Your assignment — When you copy the material below, keep every line exact and omit the pictures.

Recorded information —
»»
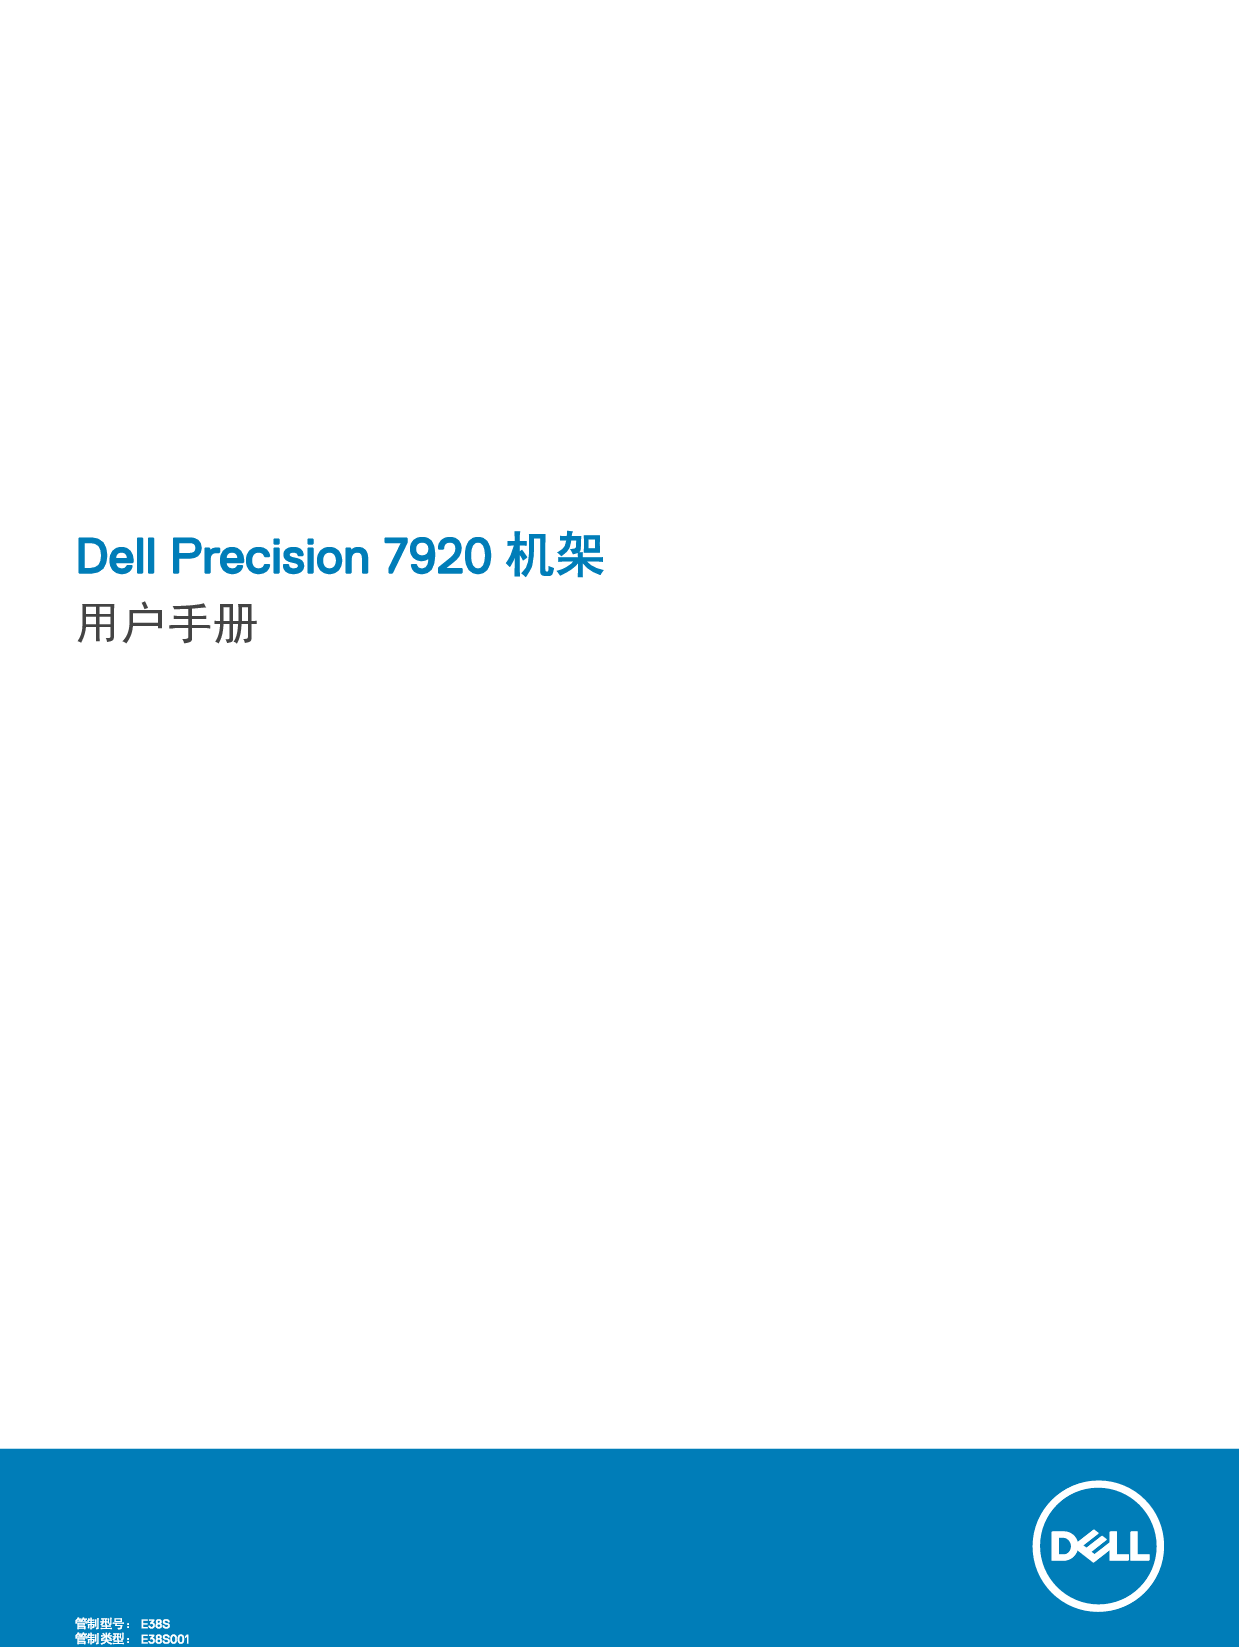 戴尔 Dell Precision 7920R 用户手册 封面
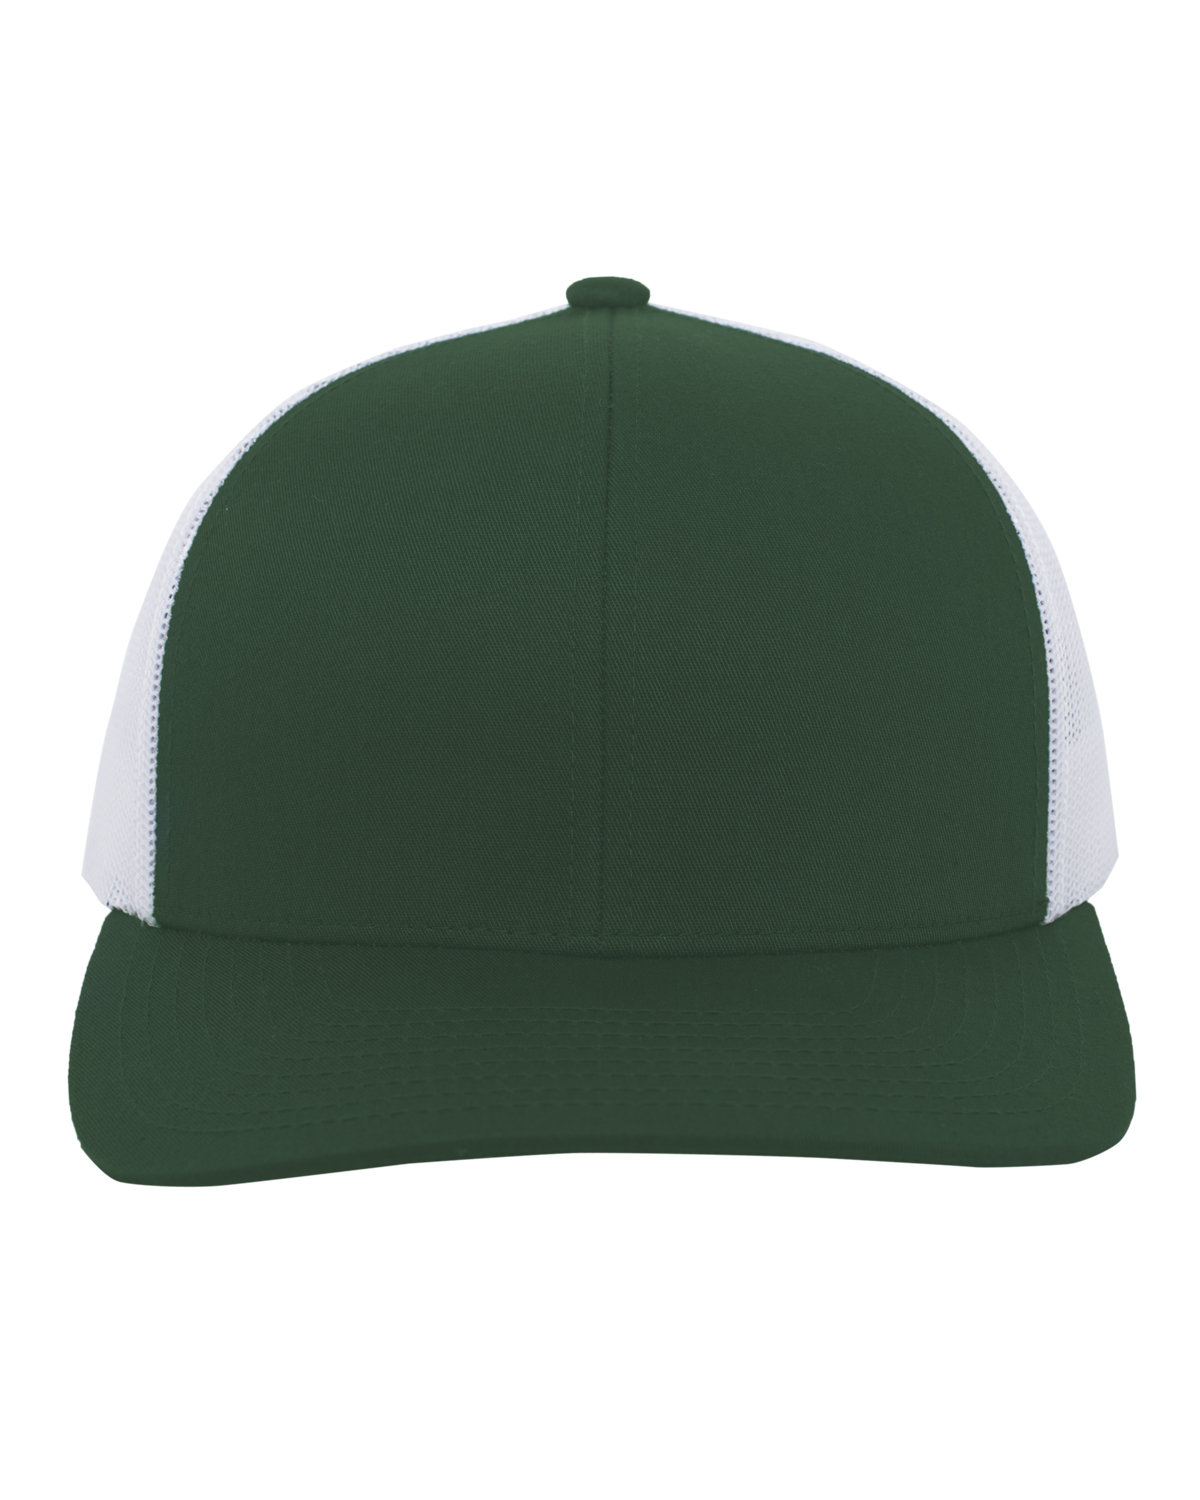 Pacific Headwear Trucker Snapback Hat DK GREEN/ WHT 
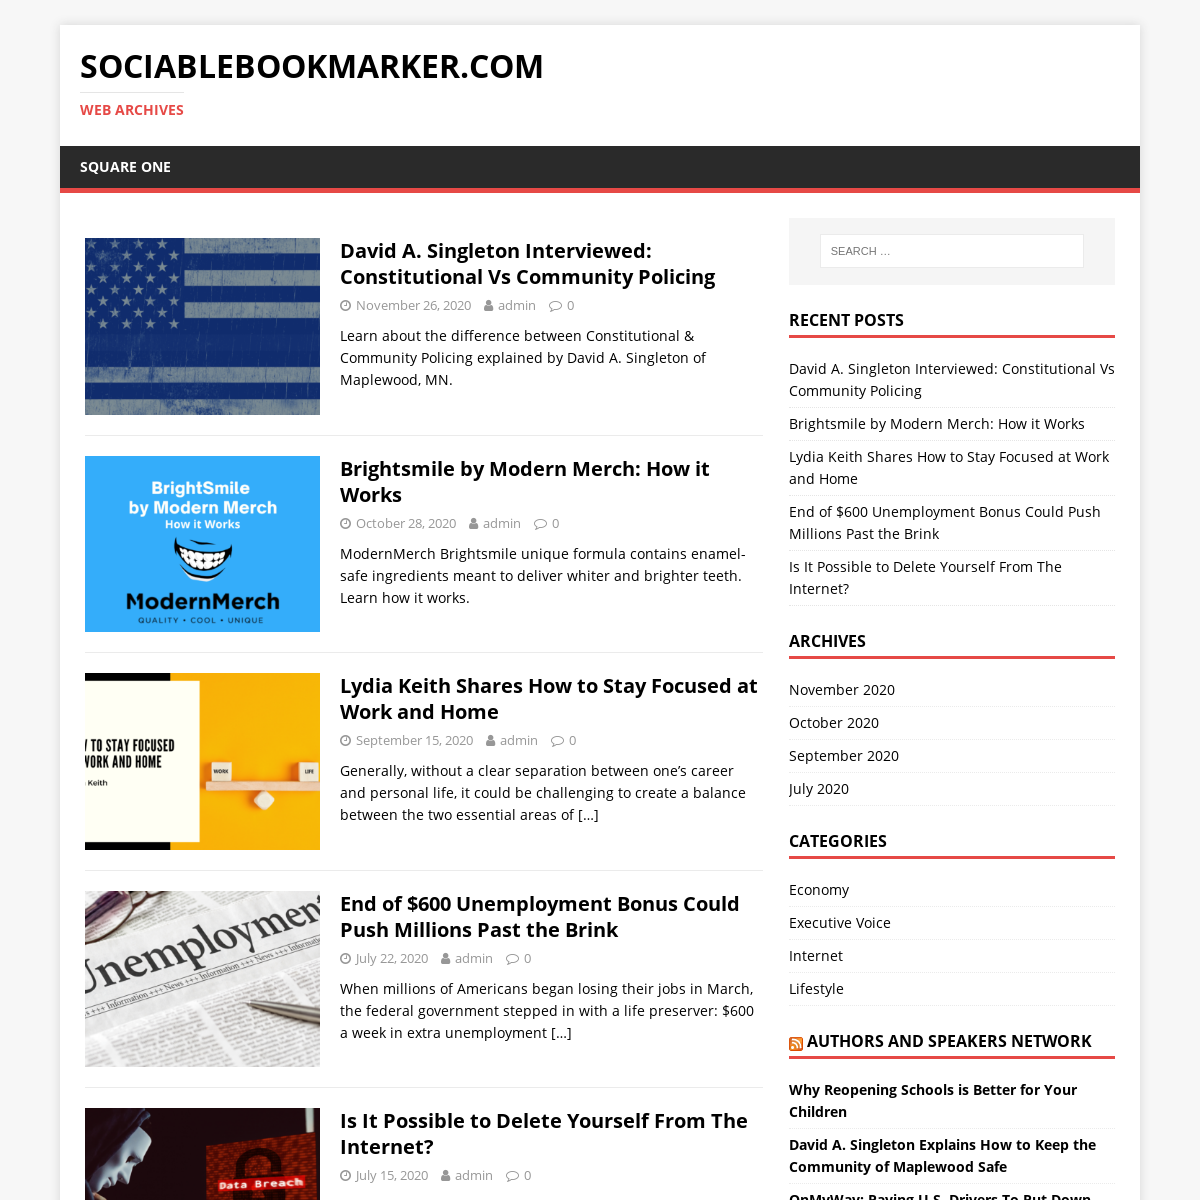 A complete backup of sociablebookmarker.com
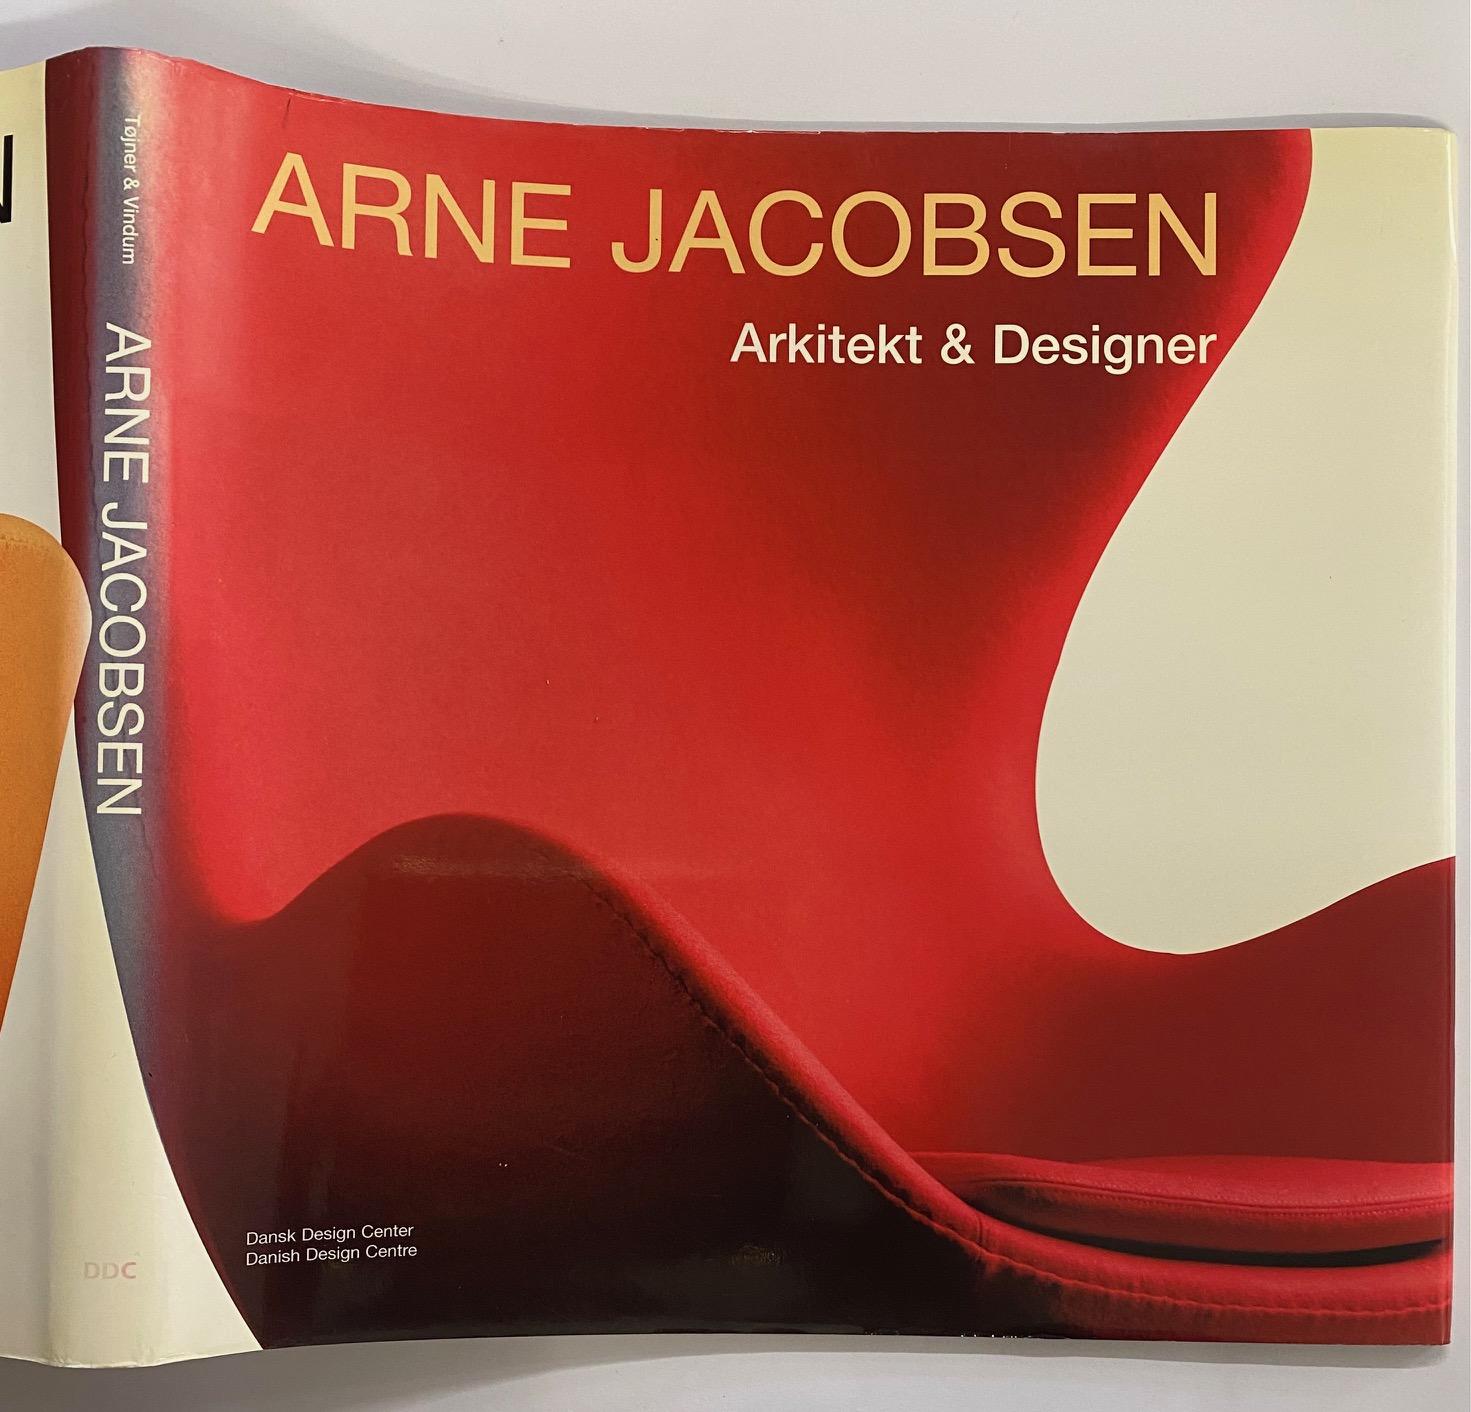 Arne Jacobsen Arkitekt & Designer by Poul Erik Tojner & Kjeld Vindum (Book) For Sale 11
««
Exercise result —
 戴尔 Dell Precision 7920R 用户手册 封面
 Pacific Headwear Trucker Snapback Hat DK GREEN/ WHT 
 A complete backup of sociablebookmarker.com
 Arne Jacobsen Arkitekt & Designer by Poul Erik Tojner & Kjeld Vindum (Book) For Sale 11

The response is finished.